Stream the full conversation with Victor Lugger on the Extra Serving podcast above.
The pandemic might have pushed Victor Lugger to create a payment app, but he argues that paying at restaurants has always been a bit broken.
Asking for a check. Getting a little slip of paper. The back and forth with a credit card. “It seems insane,” said Lugger, the cofounder of the Europe-based restaurant group Big Mamma and the restaurant payment app Sunday.
“Paying in a restaurant has just always been this bad moment, and we just never challenged or questioned it. When you get to think about it, paying at the restaurant doesn’t feel any better than hailing a cab in the streets,” he added. (And we all know that hailing a cab in the streets has gone through a transformation.)

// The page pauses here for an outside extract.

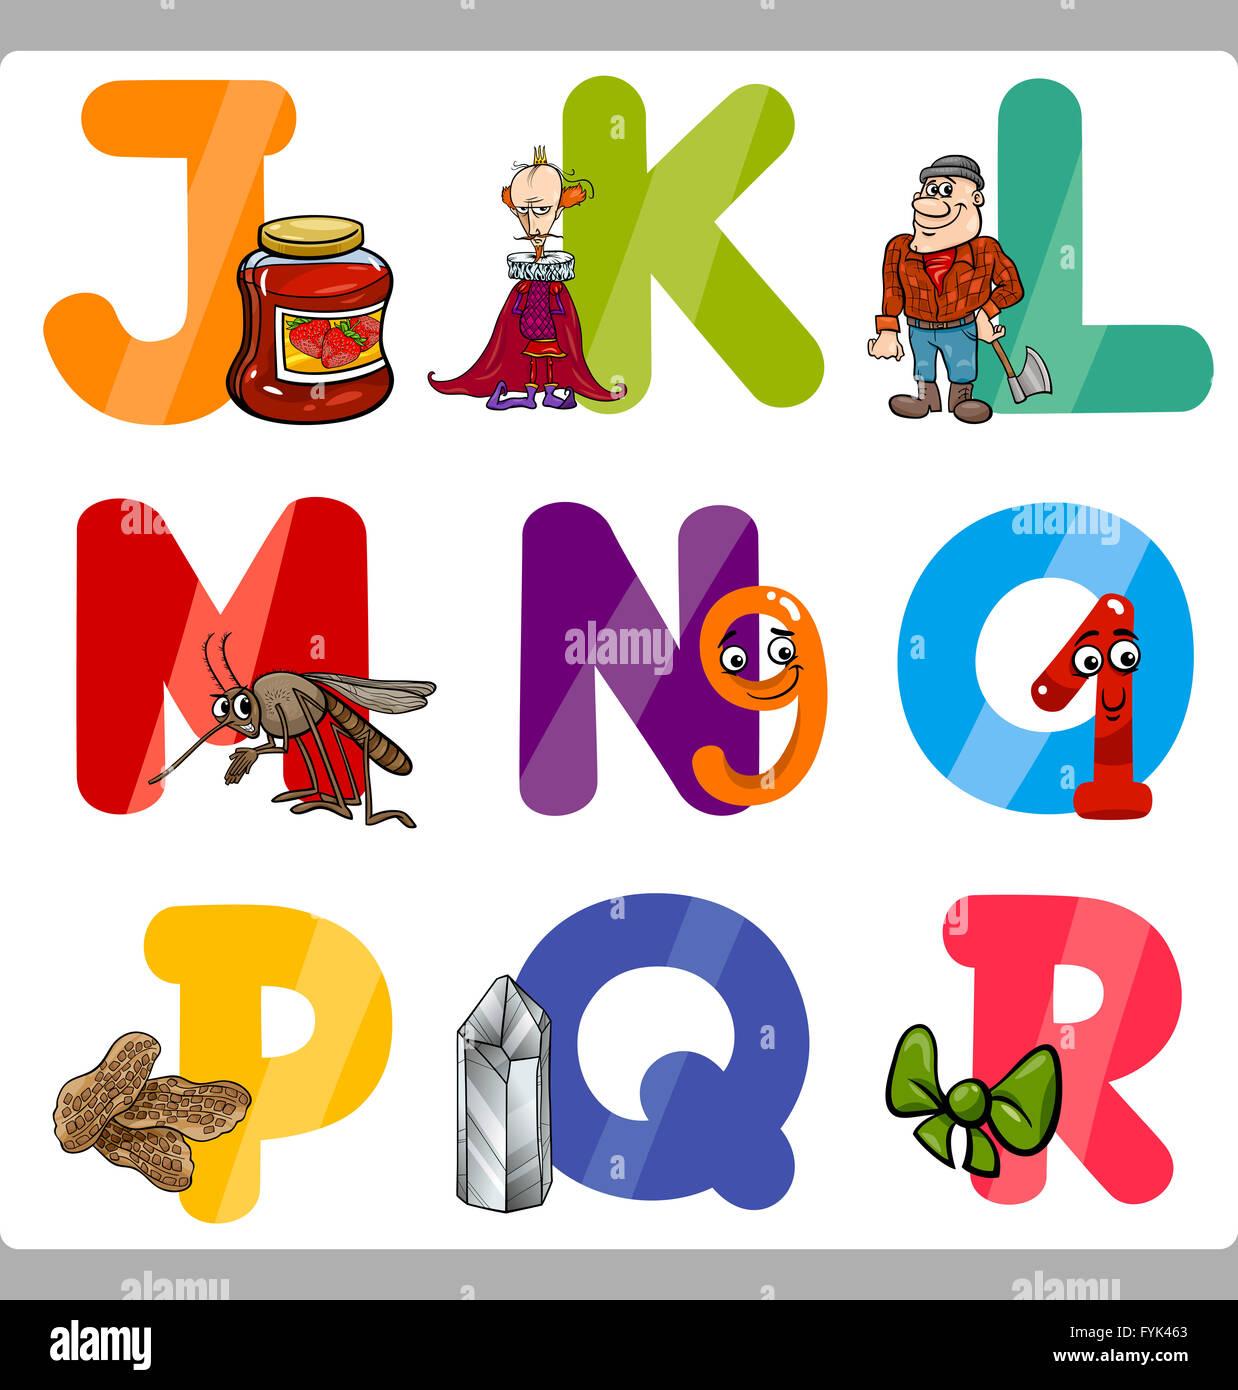 la educación cartoon las letras del abecedario para niños foto

Lugger created a QR-code enabled payment product for his restaurants amid the pandemic. But what he thought would be a temporary solution turned out to have massive benefits for his restaurants and guests, he said. Guests appreciated the convenience of paying for their meal by phone at their own pace, eliminating the need to ask their server for a check. Servers loved having more time to interact with guests by eliminating the need to travel back and forth from tables with a card reader. It helped that guests were tipping more using this payment product, too.
“If my staff loves it and if my guests love it, we start to have something,” Lugger said. After seeing the reaction in his own restaurants, which include Ober Mamma in Paris and Gloria in London, Lugger began outsourcing the tech to other restaurants, eventually raising $100 million with a goal of bringing the app to North America. (Big Mamma is opening a restaurant in the States soon, too. Their first U.S. location will be in Miami, Lugger said.)
Today, the company works with over 3,000 restaurants in the U.S. and Europe. The current iteration of Sunday app is far more than a QR code on a table. Diners paying with Sunday can split checks, communicate with the restaurant, and leave reviews on Google. Restaurants can integrate Sunday into their POS systems, gather diner insights, and turn tables faster. And the main piece of technology restaurants need to use Sunday is already in most customers’ pockets, Lugger argues.
“We’re not adding technology to restaurants,” he said. “We are just transforming 20th-century technology, which is a credit card processing machine, with 21st-century technology, which is your phone.”